Chronology of some events

1927
Radio-telephony between US and Europe (2 radio channels)
1955
14 overseas radio-telephony channels in service (6 to Europe, others to South America and Asia-Pacific)
1956
First trans-atlantic telephone cable (TAT-1) (29 channels to US, 6 channels to Canada, 1 telegraph channel)
1962
Communications Satellite Act creates COMSAT
1964
First trans-pacific cable (TPC-1) from Japan to Hawaii connected to HAW-1 from Hawaii to US Mainland
1965
Early Bird satellite (150 channels)
1966
First FCC rulemaking allocating overseas circuits between COMSAT satellites and transoceanic cables. Building new transoceanic cables was prohibited until carriers purchased the same number of satellite circuits.
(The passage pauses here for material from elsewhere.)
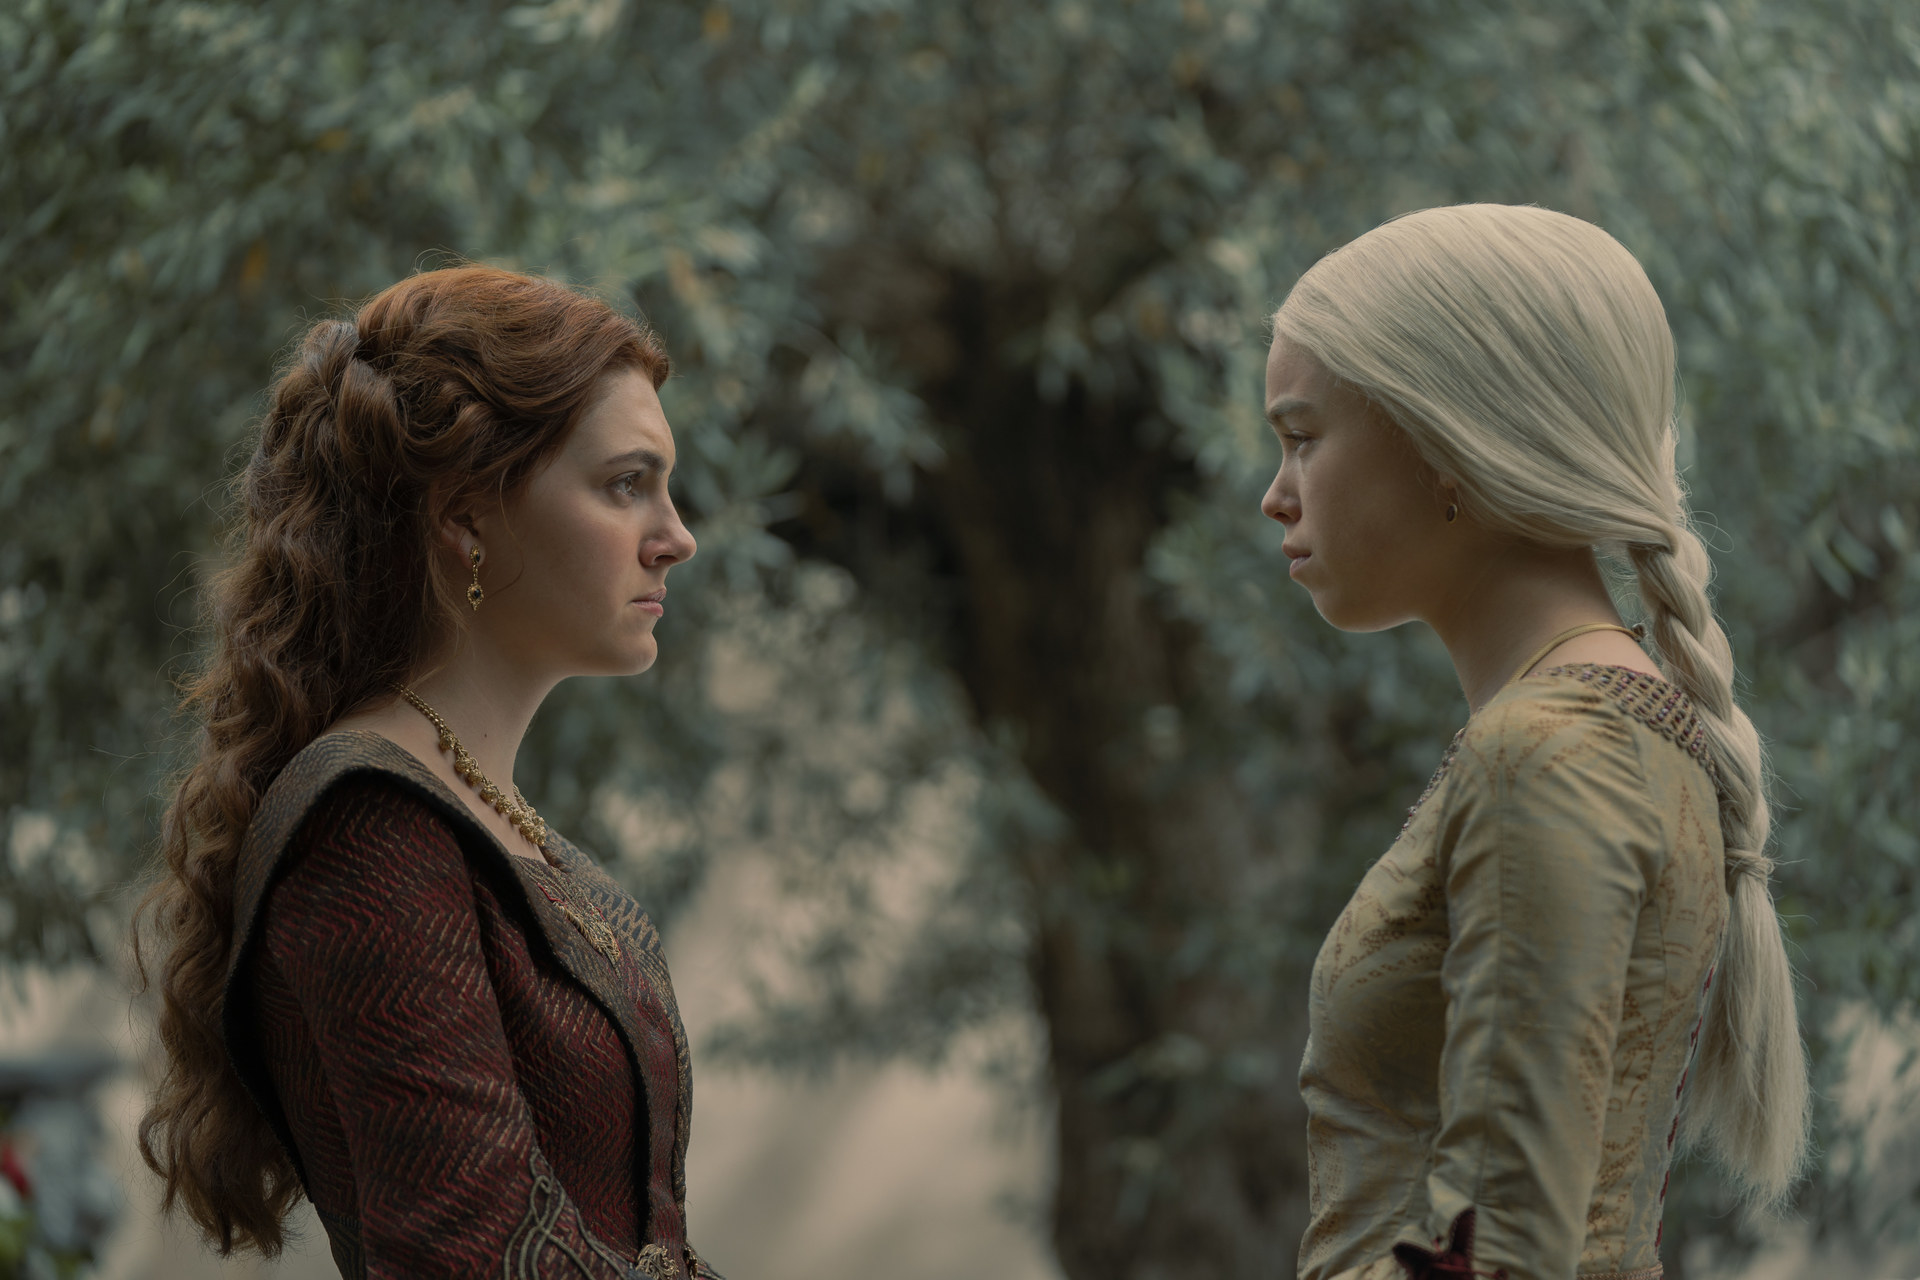 Alicent and Rhaenyra face each other looking distressed

Circuits via satellite and cable were priced according to a blended cost formula.
1969
INTELSAT-III completes global satellite coverage of the earth
1971
FCC "proportional use" rules allocating circuit growth between satellites and cables lead to disputes between COMSAT, AT&T and European regulators. Approximately 80% of circuit growth was initially allocated by the FCC to satellites. COMSAT wanted more satellite utilization, AT&T wanted more cable utilization. FCC initiates proceedings about every 5 years changing overseas growth allocation formulas between satellite and terrestrial facilities.
1974
First US domestic satellite (WESTAR I).
1981
Record Carrier Competition Act eliminates distinction between domestic and overseas carriers. Note: "domestic" included connections in North America to Canada and parts of Mexico, but excluded overseas connections to Hawaii and US territories outside North America.
1982
Approximately 68% of AT&T domestic long distance traffic carried by microwave radio relay. Approximately 52% of US overseas traffic carried by satellite.
1983
First AT&T fiber-optic route between Washington DC and New York
1984
SPRINT announces 100% fiber-optic network plans, completed in 1987
1987
FCC eliminates rules allocating overseas circuit growth between satellite and cables
1988
First trans-atlantic fiber optic cable (TAT-8) (40,000 circuit equivalents)
1989
First private trans-atlantic fiber optic cable (PTAT-1)
1994
Approximately 90% of AT&T domestic long distance network uses fiber-optic cables. In addition to existing SPRINT and MCI networks, several other competitors start building national and international fiber-optic networks.
1995
Satellites carry 15% of US international circuits. The FCC changes its circuit data collection methodology, instead of domestic/overseas its now US/international.
1996
Telecommunications Act of 1996
2000
Satellites carry 4.6% of US international circuits. The number of US international circuits via satellite peaks at 92,716 circuit equivalents.
2006
Satellites carry 0.22% of US international circuits. There are 14,346 US international circuits via satellite.